Healthcare lawyer probes HIPAA rule
Q: And what about those patients? Are they likely to appreciate that alteration to the rule?
A: It will be interesting to see what, if anything, the patient reaction is. Right now patients shouldn’t be getting fundraising solicitation that they can see they’ve been targeted based on the nature of the services they got. And I don’t know whether patients will have a negative reaction to getting solicitations that indicate fundraisers have looked at their data in more detail. They do have the right to opt-out and hospitals will have to include a notice on all fundraising communications that the patient has the right to opt-out of solicitations, so it may be that more patients exercise that right when they see that their information is being looked at more carefully for fundraising purposes.
[See also: New HIPAA rule seen as tougher.]
Q: You mentioned that the burden of determining whether the information has actually been compromised is now on covered entities. How can they prove that?
A: It’s a somewhat ambiguous concept about what it means for information to be compromised. What the government has in mind, the focus is supposed to be on the risk that the information will be misused in some way or used for improper purpose, rather than focusing on what the impact of that would be on the patient. One of the challenges in the risk of harm standard and why there’s been so much concern about it is that whatever the nature is of your risk assessment, whether you’re evaluating risk of harm to the patient or risk that the data has been compromised, these are all judgment calls and there are factors the rule identifies that you’re supposed to consider in making that determination like the nature of the information that was disclosed, who received it, what your capacity to mitigate the improper disclosure. But at the end of the day there’s no bright line test so there is still going to be a need for privacy officers and lawyers and other people involved in the breach notification process to make difficult judgment calls about whether there’s enough information to conclude that the probability is low that the information will be compromised. The rule provides an example that would fall into that category where someone faxes information to the wrong doctor and they contact the covered entity and say ‘this isn’t my patient, I’m sending this back to you.’ At that point you can probably conclude that the risk that the information could be misused or has been misused is very, very low. But those are the easy cases. There are a fair number of more ambiguous situations where reaching the conclusion that there’s a low probability of risk is a difficult thing and reasonable people might differ about that.

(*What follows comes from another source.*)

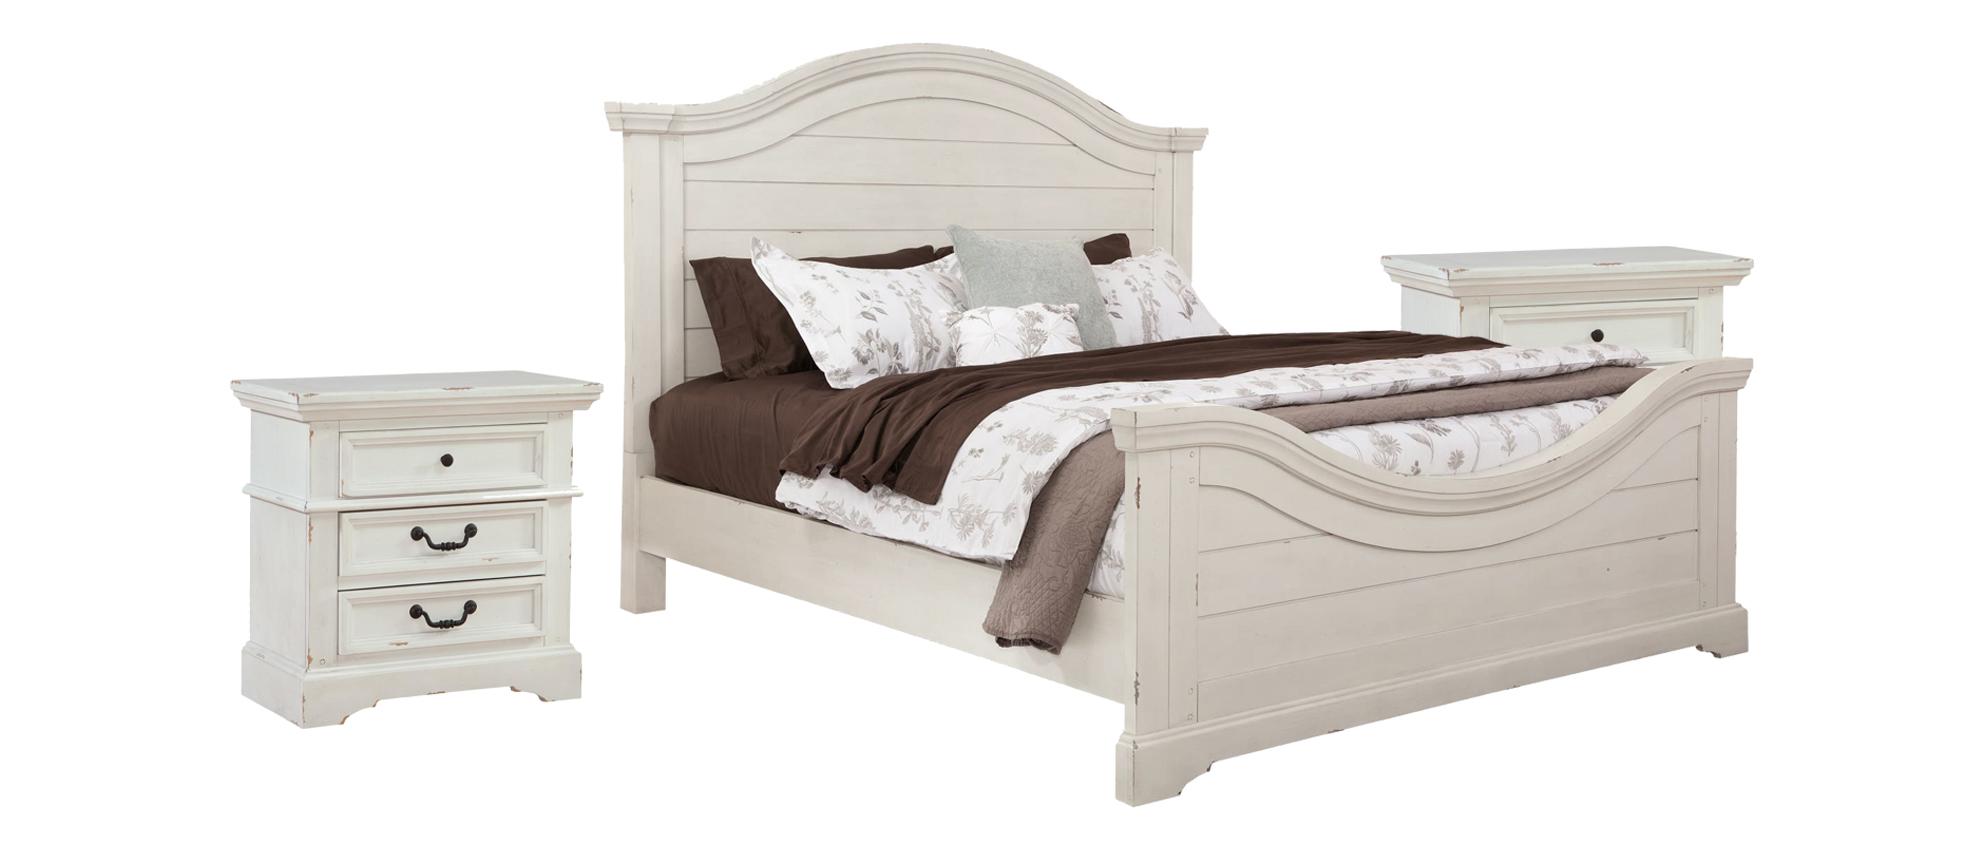 Classic, Traditional Panel Bedroom Set 7810 STONEBROOK 7810-50PAN-2N-3PC in Antique White

Q: So the lost laptop or other portable media containing thousands or millions of patient records that we keep seeing — that particular scenario is not going to get easier, is it?

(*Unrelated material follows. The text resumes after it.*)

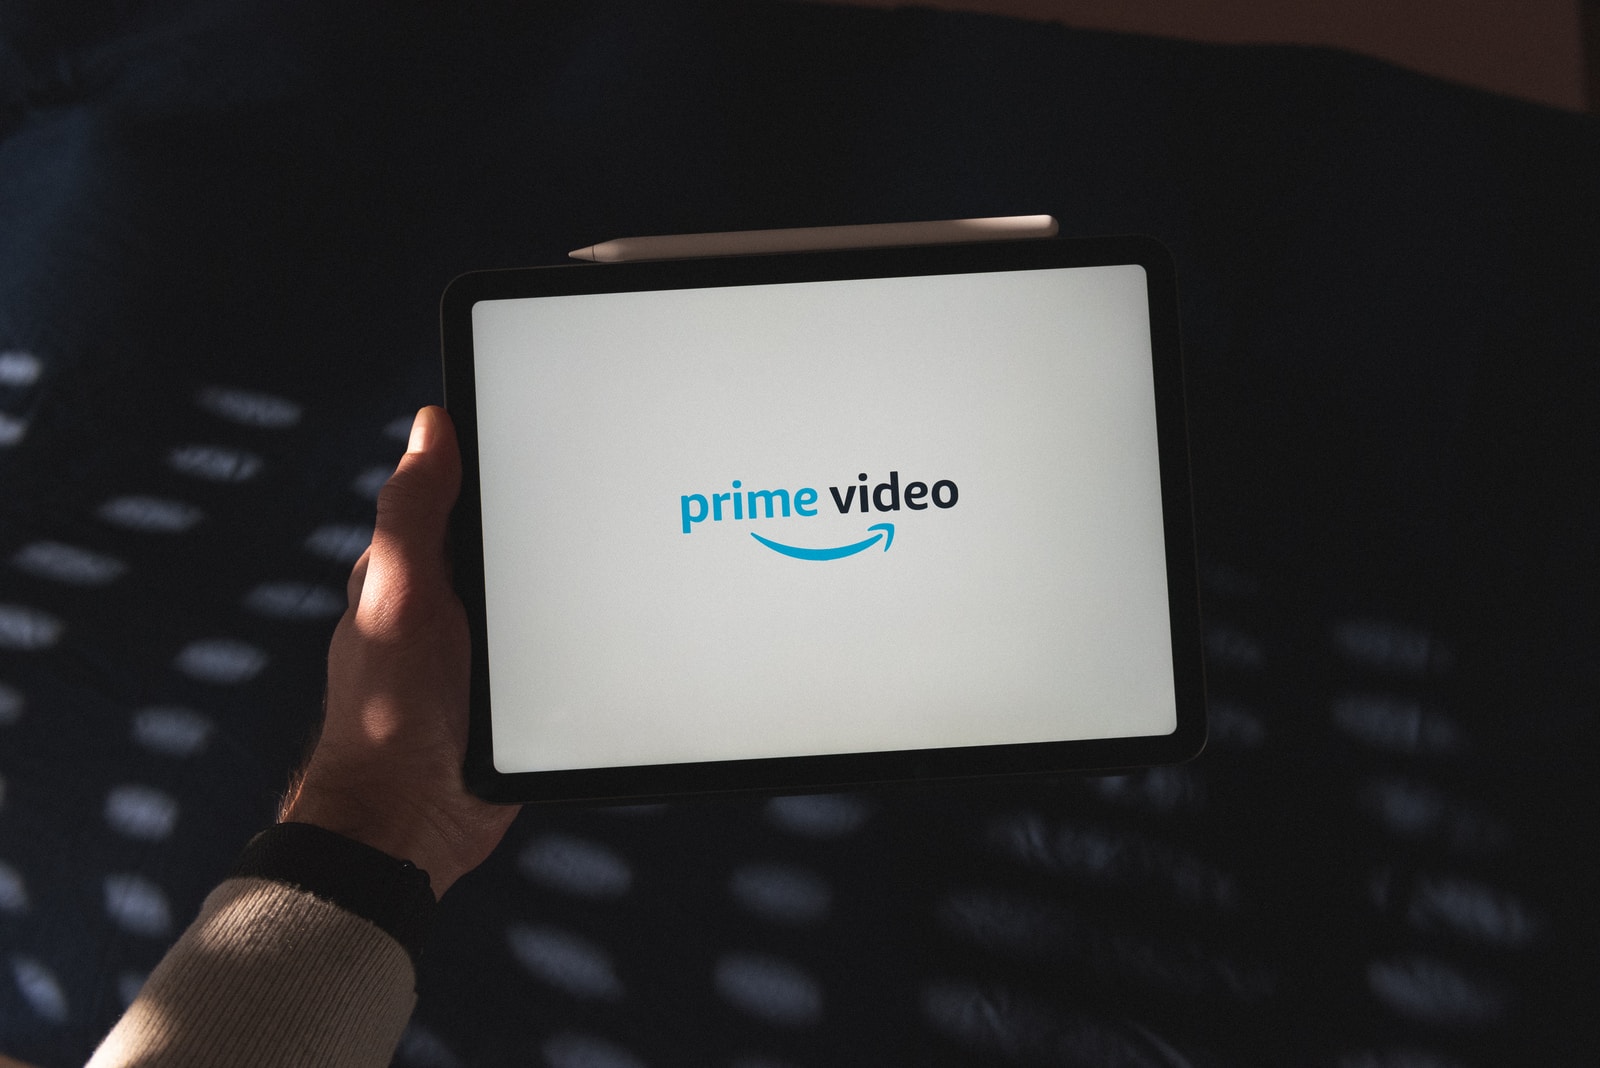 How many devices can be connected with Amazon Prime video?

A: I don’t think there’s a rule that’s going to change that situation. If you can retrieve the laptop or the device and assess forensically that nobody has accessed the information, I think you can probably conclude that there’s no breach, both under the prior rule and the new rule, but if you can’t get the laptop back you’re pretty much stuck having to treat it as a breach. So I don’t think that’s going to change and the best defense against breaches involving portable devices continues to be encryption, which still is a basis for not having to do breach notification.